Taking Your Dog On Holiday

Claire Dunling

When your pooch is practically family it seems natural to take them away with you on holiday. Although, there are a few things to take into consideration before you start packing. Especially if the beach you’re heading for is overseas.

Pet travel scheme

The introduction of the pet travel scheme (interchangeably known as PETS and Pet Passport) has allowed hundreds of thousands of pets to leave the UK to enjoy an overseas holiday and re-enter with their owners without a stay in quarantine. To qualify for the pet travel scheme, pets must be microchipped, vaccinated against rabies, blood tested for rabies immunity levels (6 months before re-entry to the UK) and be treated for ticks and tapeworms 24-48 hours before re-entry to the UK.

For the full, and somewhat Kafkaesque, rules surrounding getting a pet passport, permitted routes, transports and even non-EU-countries that can be visited see the Pet Passport site. Or ask at your local vet’s as they’ll need to do a lot of the paperwork and so are used to the rules and regulations.

That pets are free to travel is all very lovely but the Pet Passport scheme is primarily aimed at human disease prevention and does nothing to prevent your dog from developing serious and often fatal exotic diseases.

There are three primary canine health concerns when visiting Europe:


This is a serious zoonotic infection (which means it can be passed easily between species) that is transmitted primarily by the biting sandfly. The incubation period can be years, so the onset of the disease may not be obviously related to taking your dog on holiday. Classic clinical signs of canine leishmaniasis include  kidney failure, lameness, nosebleeds, scaling skin disease and weight loss. There is no cure for leishmaniasis in dogs and post-treatment relapses are frequent. It transmitted by  sandlfy which feast on both dogs and humans. As sandlfies are not found in the UK’s temperate climate (at least at the moment, although as weather patterns change this situations may alter) they do not present a threat at home. To minimise the risk of infection whilst taking your dog on holiday in areas where sandflies are common there are a few simple steps: keep your dog indoors after dusk until dawn, use mosquito nets and close windows and consider using an insect repellent (eg Scalibor) collar.

Babesiosis and ehrlichiosis in dogs

Both of these are spread to animals by biting ticks. Babesiosis causes illness within days or even hours leading to a rapid onset and fatal anaemia.

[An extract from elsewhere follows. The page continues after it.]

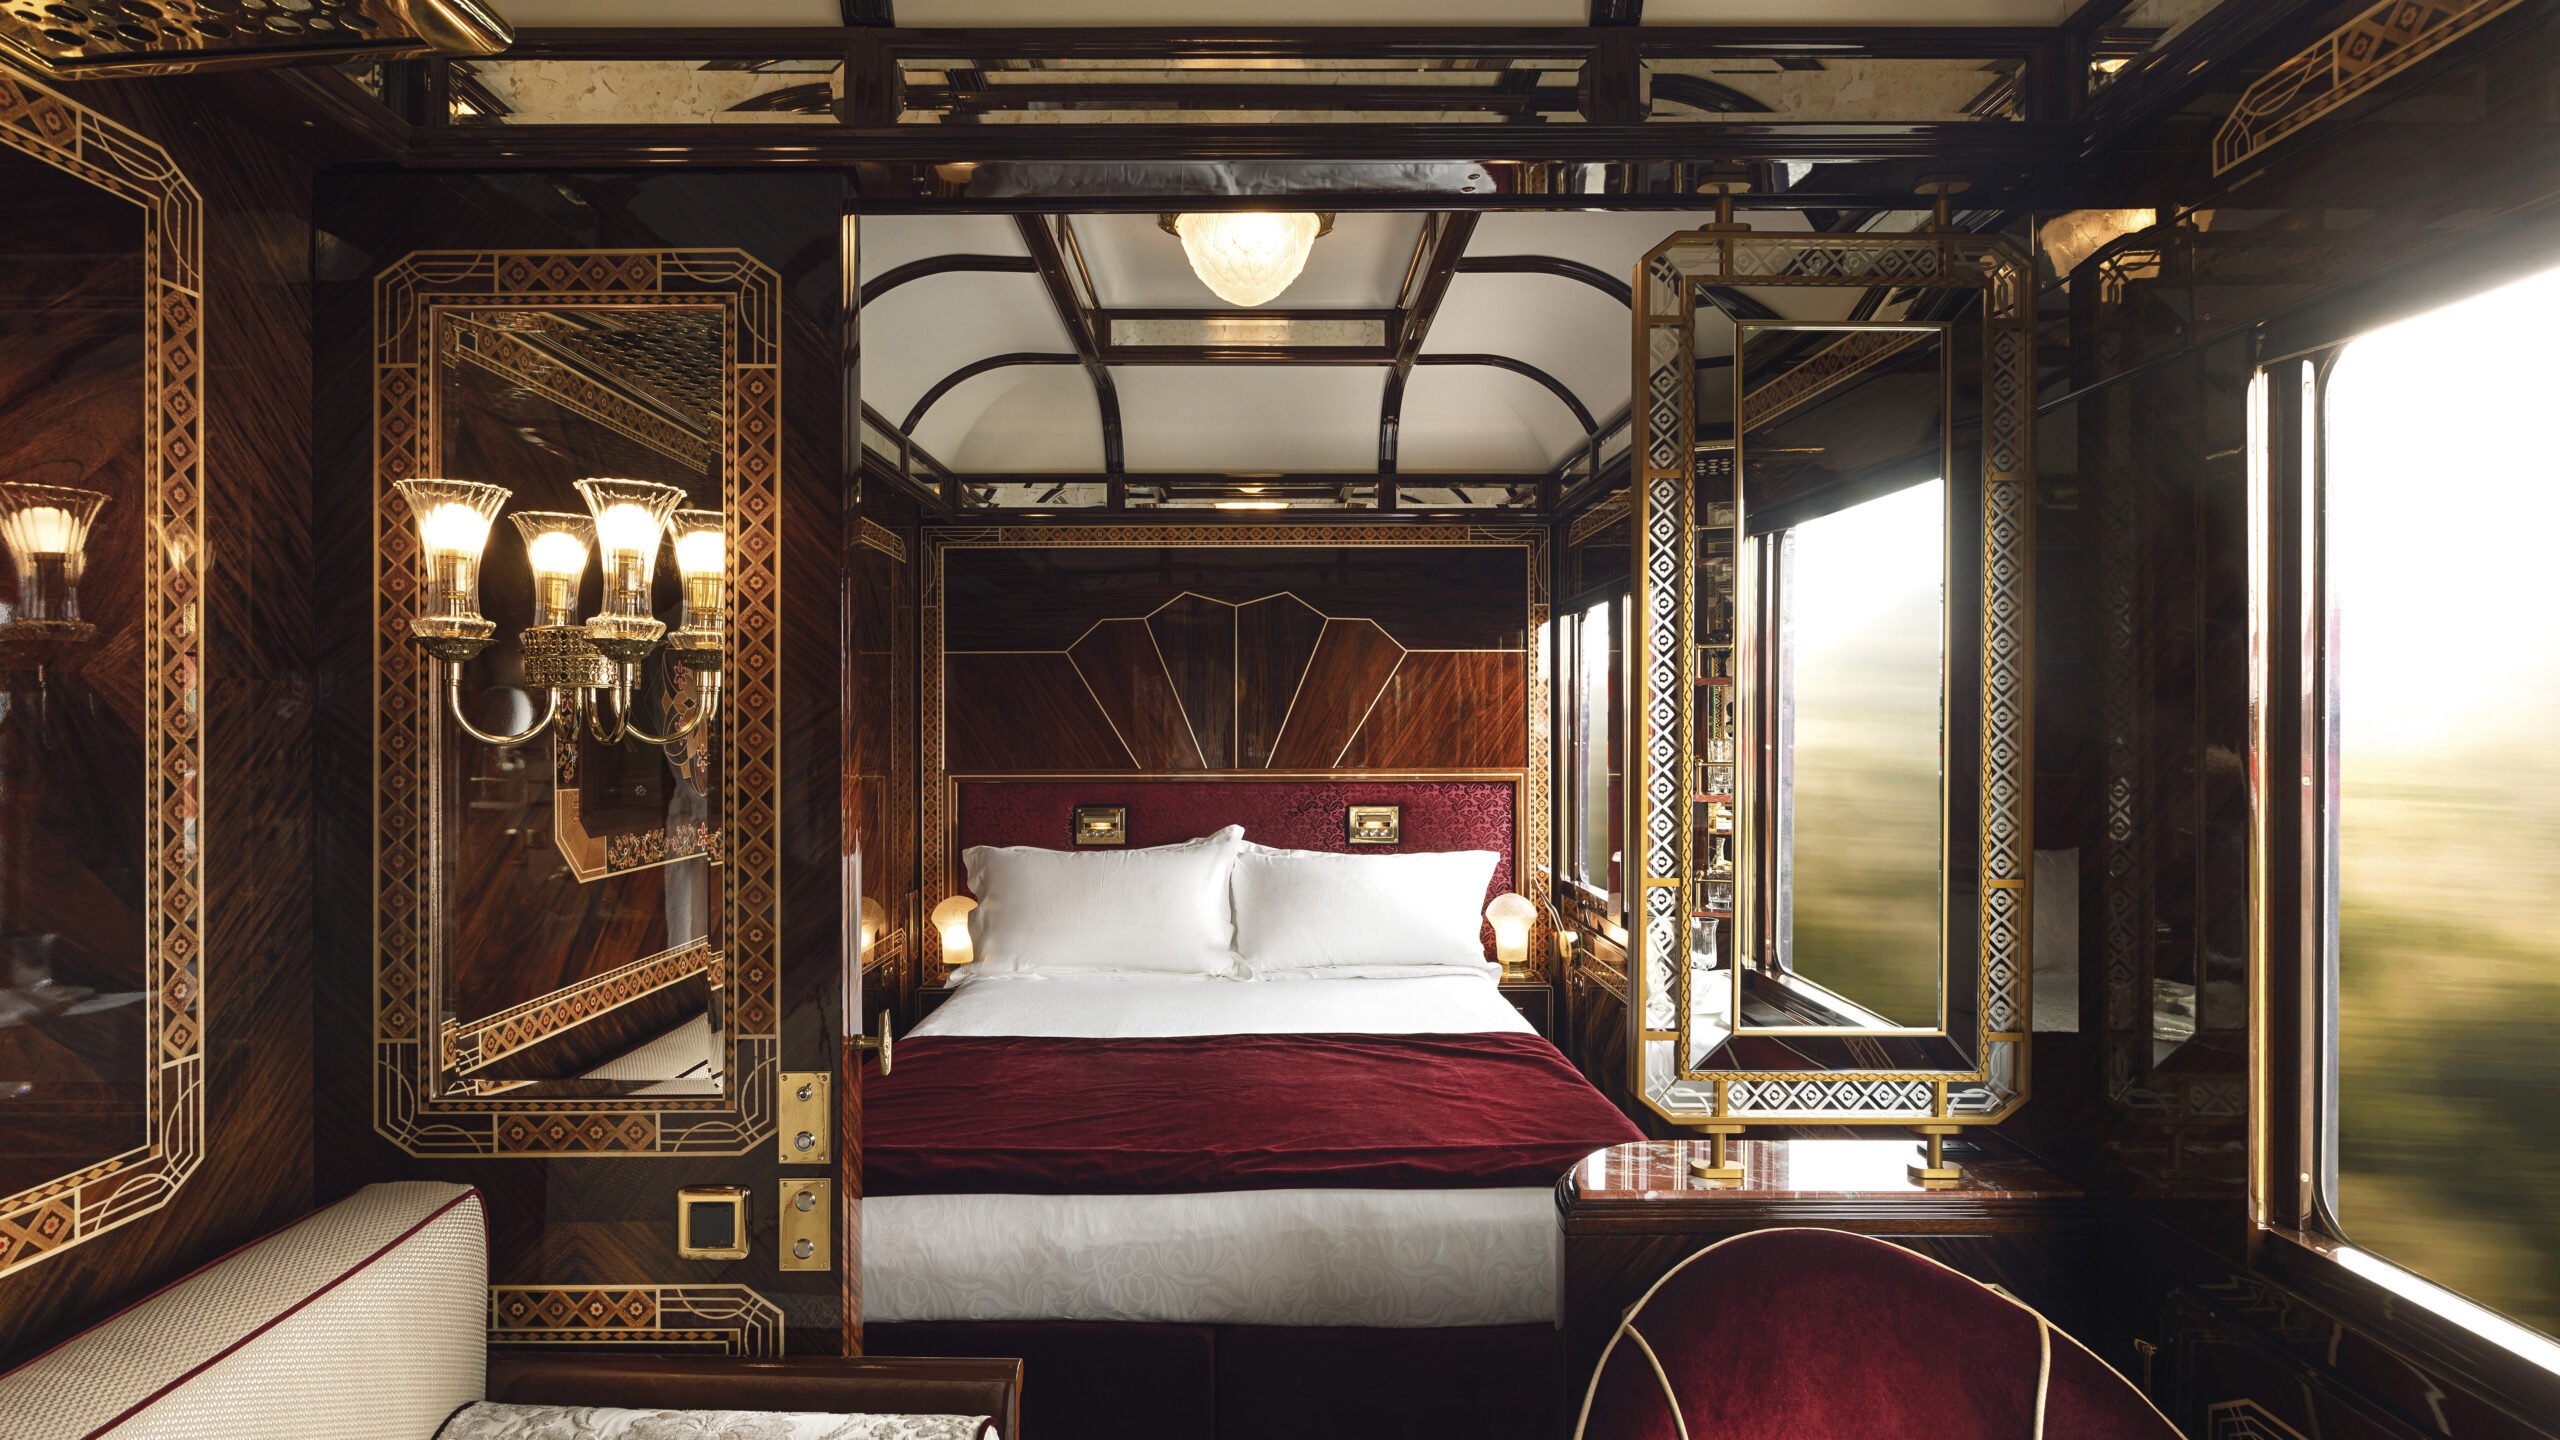 Venice Simplon Orient Express - JPA Design - Interiors

Ehrlichiosis in dogs is a ‘milder’ disease which can also cause anaemia via red cell destruction, as well as causing a blood clotting disease which presents as nosebleeds. To protect your dog them daily for ticks and carry a tick removing hook, always wear gloves to prevent being bitten yourself and remember to wash your hands afterwards. Of course treating them with a tick repellent spot on (eg Frontline) will help massively too.

Travelling with your dog - Royal Canin

Don't just assume your pet insurance covers overseas travel. Accidents can happen anywhere so check to be certain the dog is covered for the trip too!
John Campbell, Head Vet of Pet Drugs Online


Heartworms are transmitted to dogs by biting mosquito’s. Heartworms cause a gradual heart failure and anaphylactic reactions. Now the symptoms of coughing, breathlessness, weight loss and collapse are very similar to heart valvular disease (which is much more commonly seen in the UK) so always tell your vet if you’ve been overseas . Prevention is so much better than cure, so talk to your vet before you leave for a mosquito risk area. They’ll be able to recommend something to help protect your dog. Again you can minimise the risk by reducing the dog’s exposure to peak mosquito times – dusk till dawn and keeping the windows shut or covered with nets.

A very real problem!

Since the introduction of the pet travel scheme there has been a greater than 10-fold rise in reported cases of exotic diseases including babesiosis, ehrlichiosis and leishmaniasis in UK dogs. Because these are not ‘native diseases’ many UK vets weren’t trained in detail about them and only have limited experience with diagnosis and treatment of them. On top of this there is no cure for leishmaniasis in dogs and while cases of heartworm can be treat, these treatments do carry risks. So while by-passing quarantine has been a welcome and humane step forward, there are significant new problems that need serious consideration before you take your dog abroad. As always prevention and planing proves to be the  best medicine – and one your dog will actually take

This post is an opinion and should only be used as a guide. You should discuss any change to your pet’s care or lifestyle thoroughly with your vet before starting any program or treatment.

If in doubt contact your veterinary practice

And always keep your vet's phone number handy - just in case!